I open my eyes and feel sunlight streaming in; light golden rays filter through the curtains. I smile and realize for the first time in a very long time I am content. In fact I am more than content, I am happy. There is no other reason for my happiness than the warm being next to me still fast asleep. Sleep erases all traces of life, it illuminates the youth and raises innocence, all guards are down. This is true with everyone, but especially with Peeta. When he sleeps I see the boy who showed me how to dip bread into hot chocolate, the on not yet fully scathed from the capitol and the hardships of life.

I began to count the number of breaths he takes and try to fall back asleep. When that doesn't work I begin tracing his face. First his eyes, piercing blue underneath his lids. Next his cheeks, which are so soft and bright red in excitement. After that I reach his nose, almost childish in nature. Lastly I move to his lips, so pink and war, sweet and always attentive to my own. I move in closer and lightly press my mouth against his. His eyes flutter open and my heart skips a beat.

"If this is how we'll wake up every morning, I won't be able to wait to go to sleep," he chuckles.

I hit him over the head with a pillow and laugh when he pulls me onto him. It is quick and sudden the spark that ignites and the mood shifts.

" How about another kiss. I wasn't awake for the first one." And with that I smile and lean in. One kiss.

"See I wasn't prepared I think we need to try again." I laugh and kiss him once more. Two kisses.

"You know, I was a bit distracted by your eyes I wasn't paying attention. One more time." I make a face in mock frustration and kiss him fully. This time the kiss lingers and I can't help but smile ending the moment.

"What? He asks. Don't tell me it's my morning breath because you've dealt with worse you know," his eyes twinkle and I know that there is no going back. This, what we have is here to stay and I'm ok with this change. For once the direction of my life is going where I wish it to. No one deciding my fate, no one other than myself.

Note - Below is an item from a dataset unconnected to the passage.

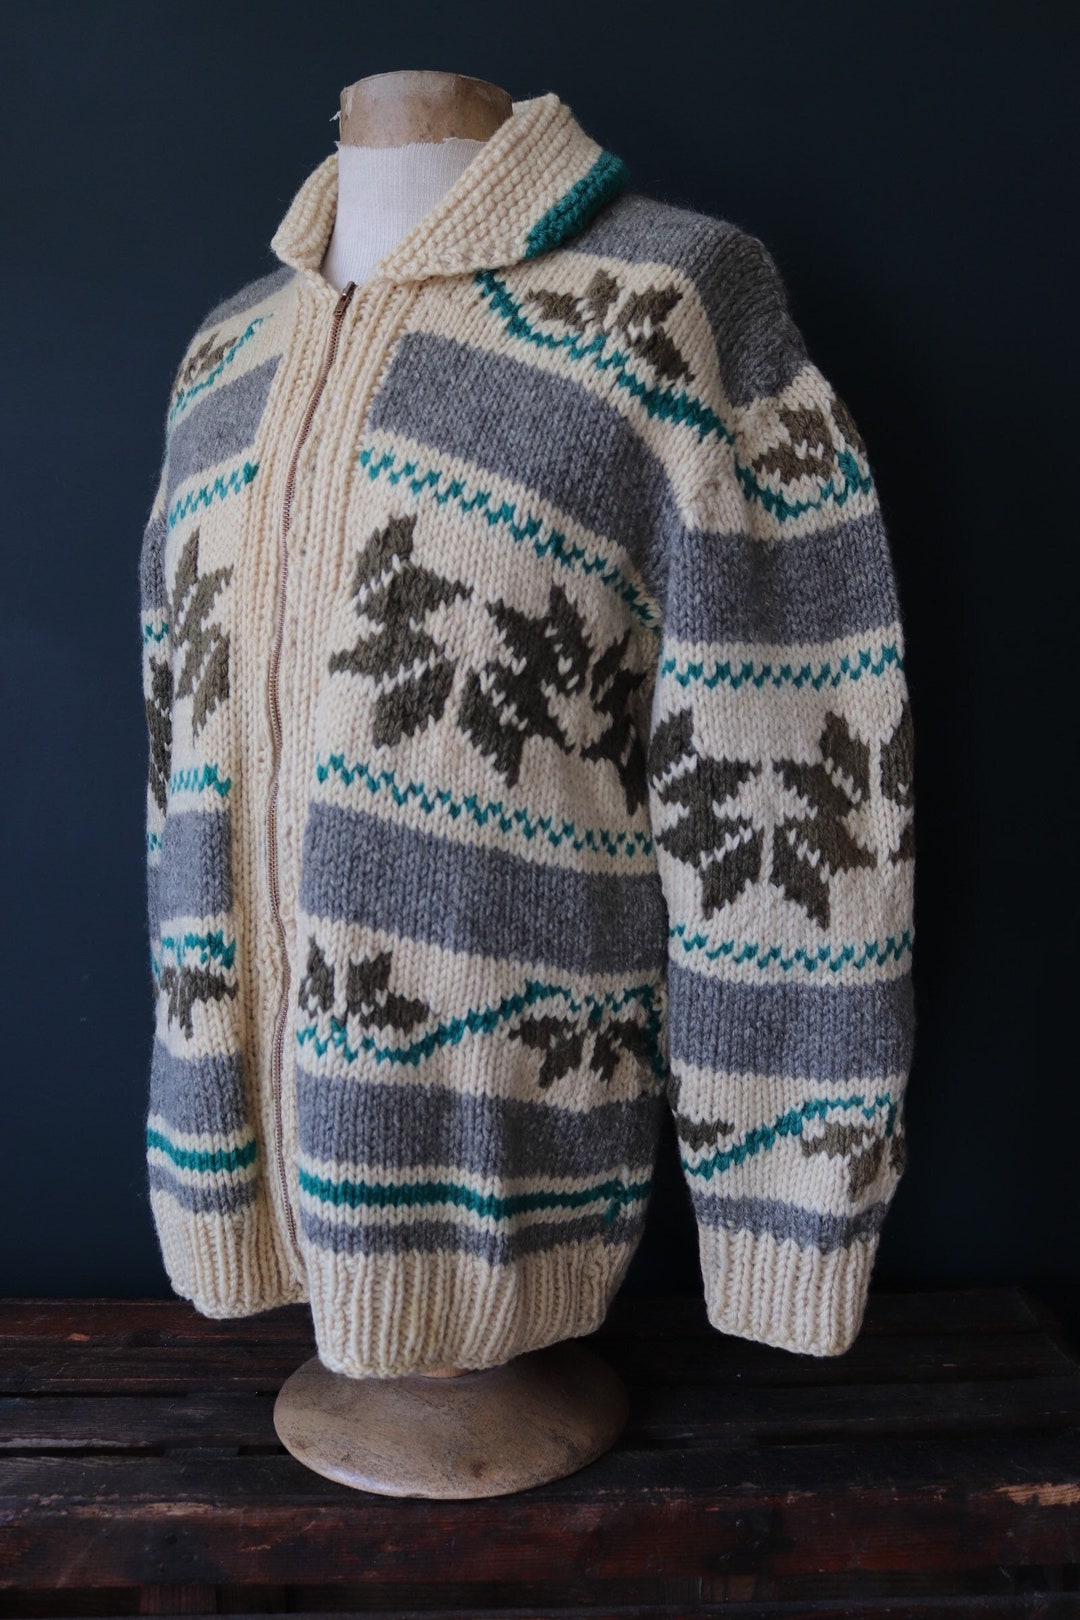 Vintage 1960s Hand Knitted Wool Cowichan Sweater Cardigan Jumper Knit ...

" I think it's time we got up." Peeta groans and by habit my adrenaline rushes and concern rises to my face.

"I'm ok, don't worry. It was a joke Katniss. It's just, it's Sunday… You know in the past Plutarch told me Sunday was considered a day of rest… Why don't we start that ritual again? Why don't you come back to bed… I get us some hot chocolate, croissants from yesterday and we just rest."

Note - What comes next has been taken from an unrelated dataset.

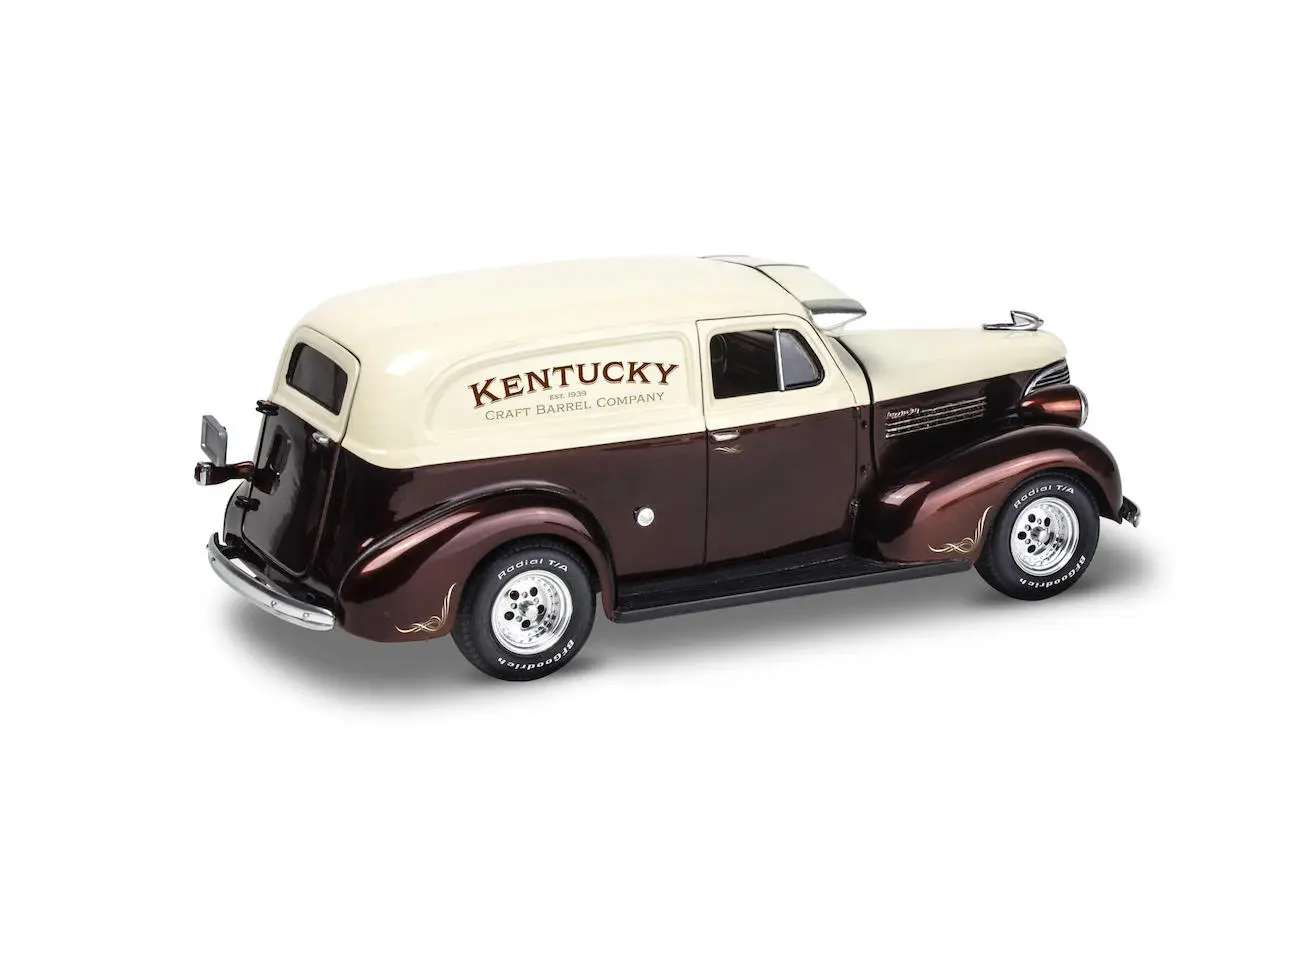 Revell 14529 - 1939 Chevy Sedan Delivery

Instead of replying I roll back on top of him kiss him fiercly and kiss his neck hoping he catches on to my mood. He eventually does.

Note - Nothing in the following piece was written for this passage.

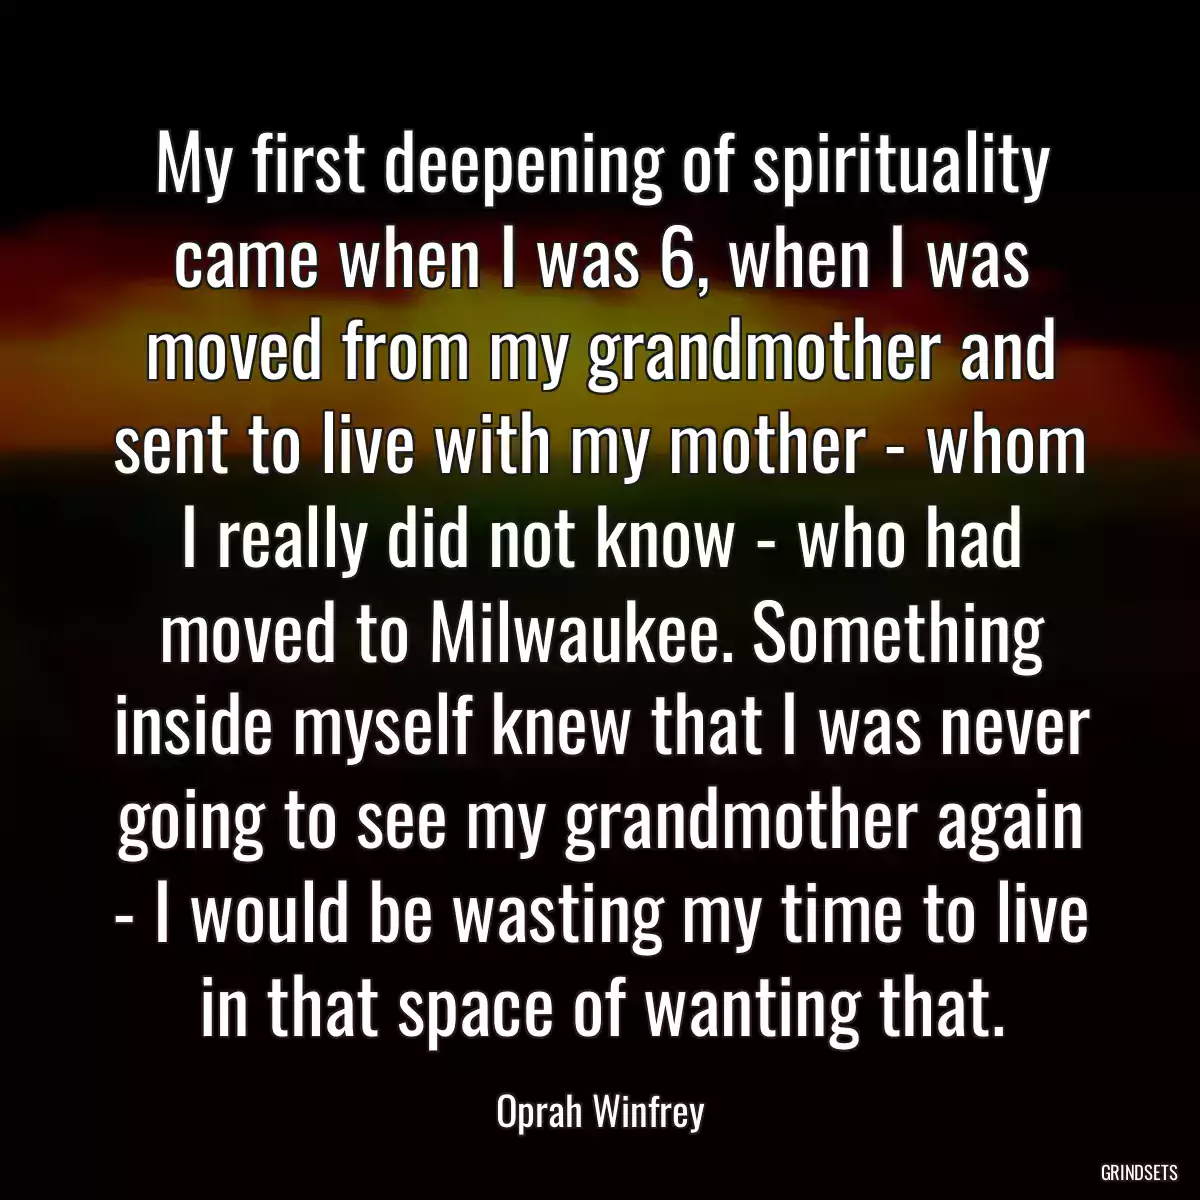 My first deepening of spirituality came when I was 6, when I was moved from my grandmother and sent to live with my mother - whom I really did not know - who had moved to Milwaukee. Something inside myself knew that I was never going to see my grandmother again - I would be wasting my time to live in that space of wanting that.

We spent the day in bed laughing and telling stories. Some sad, some happy, but more happy than sad. It wasn't until nightfall that silence crept onto us. It is then I decide to let him in.

"Peeta… there are times I feel like every good thing, every possible crack of light will be snatched up in an instant. As if I am never meant to enjoy life. And when those times come, I just want to run. I want to hide in a closet and stay there forever. I… I just want you to know that today might be fine.. but I never know about tomorrow."

Peeta turns from the fireplace that he was working logs into and crosses the living room. He tucks a loose strand of my hair behind my ear and looks me dead in the eye.

" Katniss, there are times I feel as if I'm being swallowed alive. That the mutt the capitol made out of me will take over and I'll endanger you in some way again. If that ever happened again I'd never be able to live with myself. Real or not real, we are made for each other. I've never believed it more so than now. Before I met you I was infatuated. I built this image of who I thought you were, and then I learned just how wrong I was. You are better than my fantasies. You are a fearless person whose love is boundless. Whoever you let in never needs to fear because you will always be there for them. You are beautiful inside and out. We are broken Katniss that I can't deny. But I wouldn't take back one second of the life I've had because it has brought me here. I needed to get to know you to truly love you right and now that I have I know that you will overcome this. Life isn't easy, but it's worth living. Today has showed me that.. and I hope one day I can prove it to you as well."

I didn't realize I was crying until he wiped the tears from my face. He kisses my cheek and holds me tight. I am shaking like a leaf and cannot stop myself, with tears plummeting from my face Peeta kisses me once more time. He picks me up in a cradle position and carries me to the room. He puts me into bed and he climbs in as well.

" I love you," I tell him.

"I love you," he replies and pulls me close. Next thing I know I am asleep, no longer traumatized with horrible nightmares I sleep peacefully seeing a little boy with my hair and Peeta's eyes and a little girl with Peeta's hair and my eyes, they are safe and happy. I am safe and happy.